En el lugar de producción, el tiempo es oro. Si una zona del horno deja de funcionar o si la prensa de laminación espera a que la temperatura sea adecuada, cada minuto de inactividad afecta negativamente la productividad y las ganancias. Por eso se diseñaron los radiadores infrarrojos de respuesta rápida para esta tarea: proporcionan energía de forma controlada, justo donde lo necesita el proceso de procesamiento del vidrio.
El núcleo de estos radiadores emite luz infrarroja casi instantáneamente, gracias a los elementos de cuarzo-halojeno, lo que permite alcanzar la temperatura operativa en cuestión de segundos. Este corto tiempo de respuesta permite que las líneas de templado, las estaciones de doblado y las prensas de laminación trabajen sin interrupciones. La densidad de energía se ajusta según las necesidades del vidrio: es lo suficientemente alta para un calentamiento rápido, pero también lo suficientemente baja para mantener un campo térmico uniforme. Como resultado, hay menos puntos calientes, menor estrés térmico y una calidad óptica consistente en todas las partes procesadas. La energía se utiliza de manera eficiente, ya que se suministra según sea necesario, sin perderse en el calentamiento previo del aire o de las estructuras.

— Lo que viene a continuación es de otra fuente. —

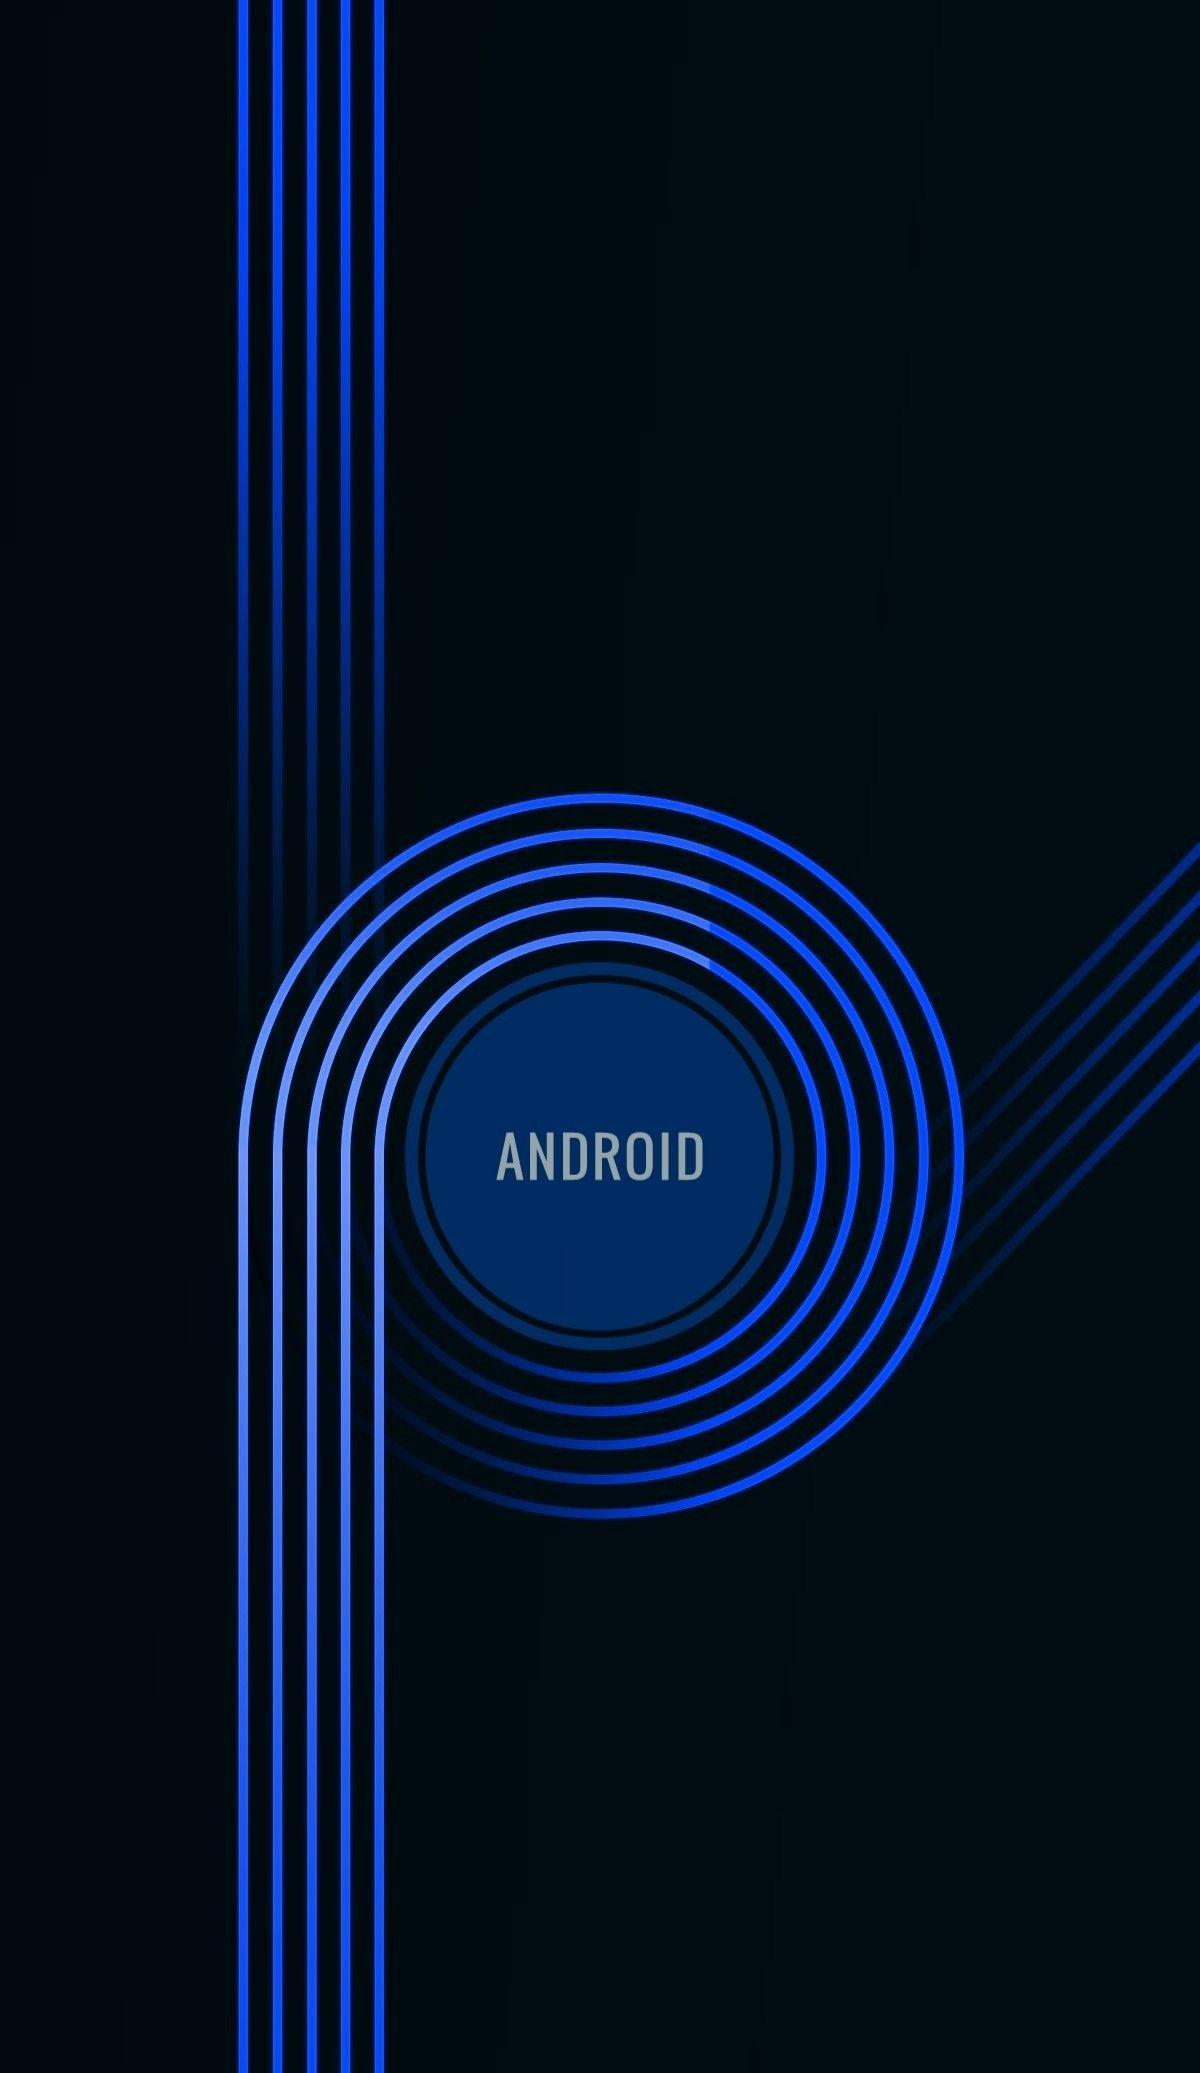 List of Good Black Wallpaper for Smartphones 2019

Las líneas de producción de vidrio dependen de la repetibilidad, y ahí es donde brilla el poder de los radiadores infrarrojos de respuesta rápida. Estos dispositivos estabilizan las temperaturas en las diferentes zonas, reducen el tiempo de cambio de producto y disminuyen los desperdicios causados por tiempos de calentamiento lentos. En el proceso de templado, ayudan a alcanzar rápidamente los puntos de temperatura adecuados, lo que asegura un enfriamiento uniforme. En el proceso de laminación, permiten que el adhesivo se cure rápidamente, protegiendo así la calidad de los bordes y la claridad óptica del vidrio. Las líneas de sellado de vidrio aislante también se benefician de esto, ya que logran un calentamiento más rápido y un control estable durante el sellado secundario.
La instalación es sencilla en la mayoría de las máquinas de vidrio, ya que existen opciones de montaje y conectores adaptables. Suministramos módulos de reemplazo diseñados para encajar en los espacios típicos de los fabricantes originales, por lo que puede reemplazarlos sin tener que cortar los marcos o modificar las herramientas. Un dato importante: la calefacción por infrarrojos funciona a través de la línea de visión, por lo que los reflectores y la disposición de los elementos deben adaptarse al camino del vidrio para evitar sombras.
Si se logra una geometría adecuada, la línea de producción funcionará de manera más estable: habrá menos rechazos y se utilizará menos energía por pieza.